All I know about this is that it likely happens because the client was disconnected. Most likely it received an {error, closed} back after trying to do a socket operation. You would get a more verbose stream_error tuple otherwise. I do not know why that happens or what to do about it. Having a trace of what Gun is doing when this happens may help.

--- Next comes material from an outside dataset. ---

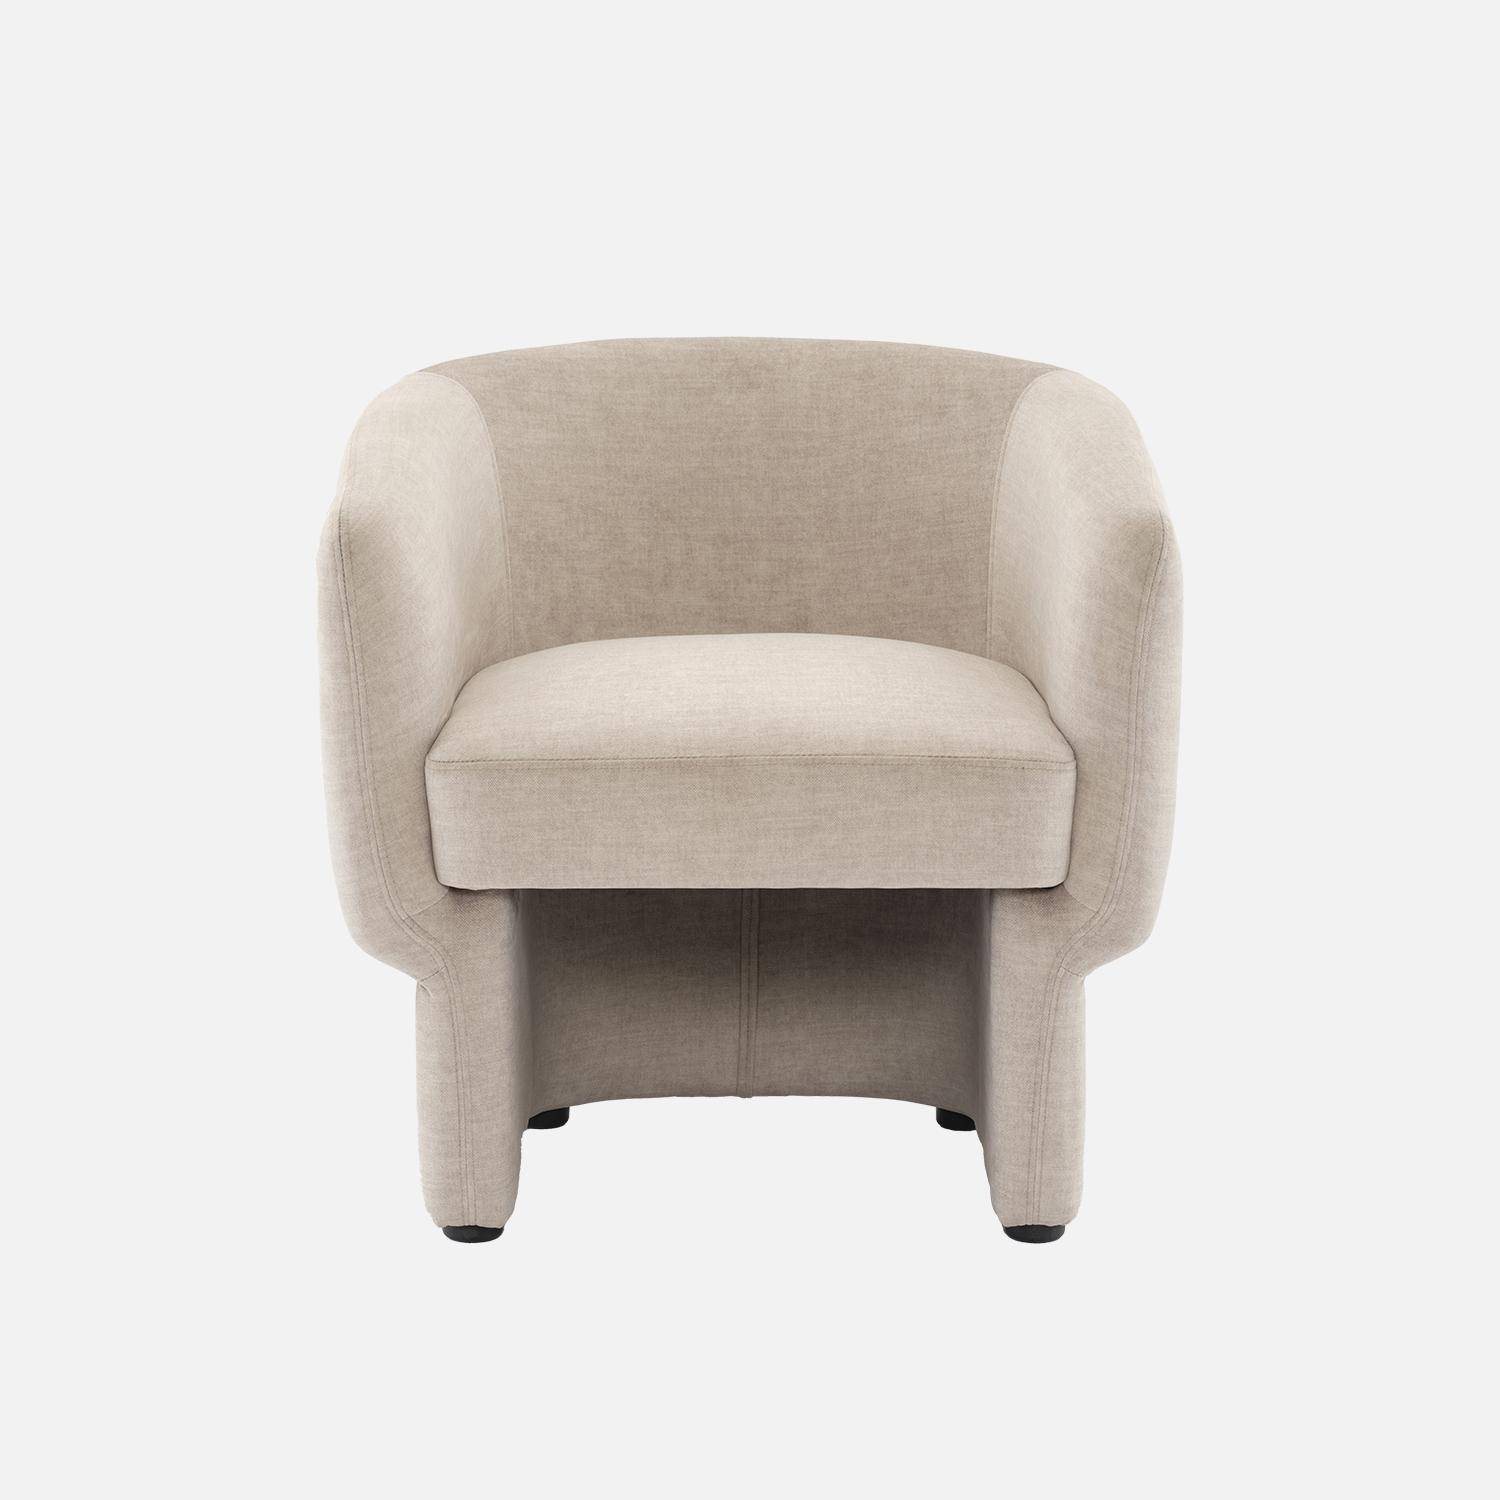 Beige stoffen fauteuil, Dolce, L 70 x P 70 x H 72cm, eucalyptushouten structuur Photo4

Vkutovoy92 commented 7 months ago

Hi, I have the same, with 1.3.0 I had {error,{stop,{goaway,215,no_error,<<>>},'Client is going away.'}} {error,{stop,{goaway,145,no_error,<<>>},'Client is going away.'}} {error,{stop,{goaway,143,no_error,<<>>},'Client is going away.'}}

And after update to 2.0.1 these problems are not exist but I have had new error {stream_error,{closed,{error,closed}}} And this I can catch in condition:

`

{response, nofin, HttpCode = 200,  _Headers} ->
  case gun:await_body(ConnPid, StreamRef, ?TIMEOUT) of
    {ok, Body}  ->
      FinishTime = time_util:militime() - StartTime,
      metrics:instrument(FinishTime, UrlForMetrics, true, HttpCode),
      DecodeBody = json:decode(Body),
      {prepare_response(DecodeBody), FinishTime};
    {error,{stream_error,{closed,{error,closed}}}} = Error ->
      log:error("{"?MODULE_STRING"}  - stream_error, error ~p", [Error]),
      FinishTime = time_util:militime() - StartTime,
      metrics:instrument(FinishTime, UrlForMetrics, false, stream_error),
      ?ErrorResp(FinishTime)
  end;

`

Vkutovoy92 commented 7 months ago

I have noticed that this error turns up on highload services and almost at the same time. 2 screens from 2 different services Снимок экрана 2023-11-20 в 17 13 14

Снимок экрана 2023-11-20 в 17 13 09

essen commented 7 months ago

Could be happening if the network has hiccups. You should see TCP connections getting closed at the same time.